Türkiye’de aile yapısının değişiminde hem toplumsal hem de ekonomik gelişmelerin yanında rol oynayan diğer bir neden nedir?


CEVAP:

Türkiye’de aile yapısının değişiminde hem toplumsal hem de ekonomik gelişmeler rol oynamıştır. Ancak yapısal dönüşümün ortaya çıkışında sözünü ettiğimiz gelişmeler kadar önemli olan diğer bir neden de devlet eli ile ailenin dönüşümünü sağlamak üzere çıkarılan yasalar ve yapılan toplumsal devrimlerdir. Tüm çabalara rağmen özellikle erkeklerden kaynaklanan ataerkil yapıya özgü davranış ve uygulamalar pek çok yerde karşımıza çıkmaktadır.


#60

SORU:

Aile içi değişimin de esas belirleyicisi nedir? 


CEVAP:

Aile içi değişimin de esas belirleyicisi kadınlardaki değişimdir.


#61

SORU:

Yapısal değişimin hızına aileler ayak uydurabiliyor mu? 


CEVAP:

Ailenin yapısal değişiminin hızına ailenin işlevsel değişimi ayak uyduramamaktadır.

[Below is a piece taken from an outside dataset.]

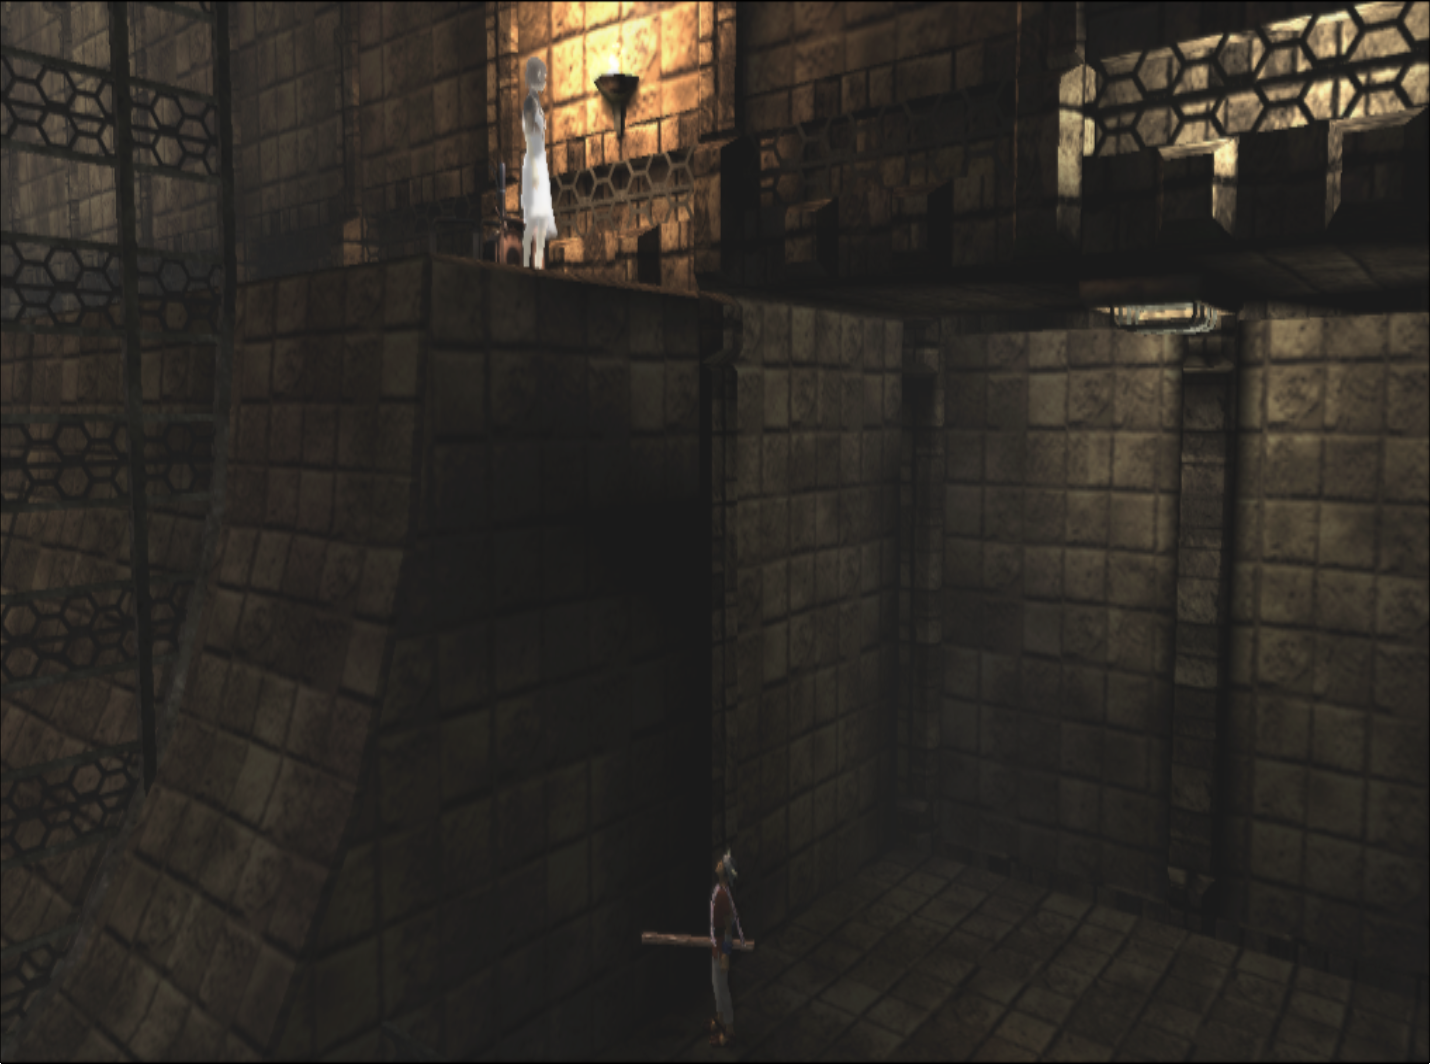 Image: In game screenshot of the high up lever to the entrance floor in the East Arena Stair Room, Yoruda stands tentatively over a drop about 3.5 times e-koʊ's height

Kentlerde bile çekirdek aile, geleneksel geniş aileye özgü davranış kalıplarından kurtulamamaktadır. Babanın buyrultusu altında anne ve çocukların özgürlüklerini kısıtlayıcı davranışlar pek çok ailede varlığını sürdürmektedir.


#62

SORU:

"Kız evlâda dayanan genişlemiş aile" nedir? 


CEVAP:

Türkiye’de yaşanan sanayileşme, kentleşme, ailede kadının yükselen statüsü ve kadınların toplumsal hayatın ekonomi, politika, kültürel etkinlikler gibi farklı boyutlarında daha fazla yer alması farklı bir aile yapısının ortaya çıkmasına neden olmuştur. Kıray, ne modern toplumlarda ne de geleneksel toplumlarda görülmeyen bu yapıyı “kız evlâda dayanan genişlemiş aile” olarak isimlendirmektedir (1964: 119). Bu aile yapısında, kadının anne-babası ile ya da ikisinden biri ile karşılıklı dayanışma ilişkisi kurulmuştur. Yaşlı insanlar böylece güvence altına alınmış öte yandan ev işlerinde kadına destek veren bir işbirliği kurulmuştur. Kadınların iş hayatına atılmalarında anne babalarından gelen bu destek önemli rol oynamaktadır.


#63

SORU:

Hızlı toplumsal dönüşümün bireyler üzerinde yarattığı uyum baskısına çözüm üreten kurumların başında hangi kurum gelmektedir?


CEVAP:

Aile, küreselleşme sürecini anlatırken değindiğimiz hızlı toplumsal dönüşümün bireyler üzerinde yarattığı uyum baskısına çözüm üreten kurumların başında gelmektedir. Türk ailesi kentlerde bile dayanışmacı işlevini koruyabilmiştir. Bu özelliklerin gelecek nesillere de aktarılması önemlidir. Bu dayanışmacı aile ortamı Türkiye’yi 21. yüzyıla taşımıştır. Toplumun geneline yayılmamakla birlikte gerek devlet, gerek sivil toplum örgütleri, gerekse piyasalar modern toplumlara özgü, çocuk bakımevleri, yaşlı evleri gibi faaliyetleri etkinleştirme çabası içindedir.


#64

SORU:

Çevrenin aile işlevlerinin belirlenmesindeki rolü nedir? 


CEVAP:

Çevrenin aile işlevlerinin belirlenmesindeki rolü önemlidir. Kırsal aile, babanın egemenliği ve akrabalık ilişkileri açısından geleneksel ailenin işlevlerine yol açmaktadır. Gecekondu ailesi, toplumsal dönüşüm baskısının en şiddetli olduğu aile tipidir. Göç ederek geleneksel aile ortamının ilişkilerinden uzaklaşan gecekondu ailesi yeni beklentilerin ve yeni değerlerin kaynağıdır. Ancak ailenin bireyin topluma uyum sağlamasına yardım işlevini sürdürülebilmesi önemlidir. 


#65

SORU:

Çiğdem Kâğıtçıbaşı' na göre , modern Türk ailesi nasıl bir evrim geçirmektedir? 


CEVAP:

Çiğdem Kâğıtçıbaşı, modern Türk ailesinin, aile bireyleri arasında duygusal açıdan karşılıklı bağımlılığın korunduğu bir yapıya doğru evrim geçirdiğini ileri sürmektedir. Ailenin, bireyin kişisel ve bilişsel (zihinsel) yeteneklerinin gelişmesinde çok önemli rolü olduğuna işaret etmektedir. Sosyoekonomik düzeyi yüksek ve eğitimli ailelerin, çocuklarının geleceğine yatırım yapma istek ve potansiyellerinin yüksek olduğu ve çocukların okul ve iş yaşamında ulaştıkları başarıda yaşadıkları aile ortamının etkisinin büyük olduğu araştırmalara yansımaktadır.  Bu durum ana-babalık konusunda toplumun eğitilmesi ve desteklenmesi gereğini ortaya çıkarmaktadır. Özellikle, erken insan gelişimine odaklanan ve çocuğa verilen çevresel desteğin geliştirilmesini amaçlayan devlet politikalarına gereksinim vardır.